The story told in this book should not be a familiar one. A tale of corporate negligence, impotent bureaucracy, and an alternately confused and devastated group of people should be the exception - or at least generate outrage. But for many, these descriptors sound all too familiar. Worse, some may have run out of outrage, having spent it on so many recent events. Thankfully, author Judy Pasternak and a few others had the concern and the energy required to pursue the truth regarding the effects of uranium mining on Navajo land and several generations of Navajo citizens.
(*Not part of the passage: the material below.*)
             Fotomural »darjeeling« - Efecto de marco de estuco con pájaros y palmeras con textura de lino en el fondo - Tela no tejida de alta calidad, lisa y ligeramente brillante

Vanadium and uranium mining on Navajo tribal land began over sixty years ago. A company called the Vanadium Corporation of America began bargaining for reservation mining rights in 1941. The Navajo, who had previously resisted such requests, were swayed this time by not only the prospect of stable jobs, but also by their desire to support the United States government in its fight against Germany and Japan. The vanadium would be used in protective armor plate for the military, helping a cause most Navajo deemed noble. Very few people knew, however, that another ore - uranium - was also being harvested for a top-secret government research program officially named the Manhattan Engineering District, a program more commonly known as the Manhattan Project.
When the successful product of the Manhattan Project, the atomic bomb, ended World War II, it began another another longer conflict, the Cold War. The Atomic Energy Commission, a replacement of sorts for the Manhattan Project team, began in 1946 and the Commission's Raw Materials Division in particular was the driving force in a frantic search for as much uranium - especially domestic uranium - as could possibly be found. What followed in this race for nuclear superiority was a decades-long crime of deception and frustrating complexity. The crime was perpetrated against an entire nation and its sacred land. Yellow Dirt covers this tragedy from just before the beginning until the present day and follows one Navajo family, Adakai of Cane Valley and his progeny, throughout the long, sad story. Pasternak's narrative closes in the fall of 2009, when the cleanup of spoiled Navajo land and the replacement of contaminated Navajo homes were still a work in progress.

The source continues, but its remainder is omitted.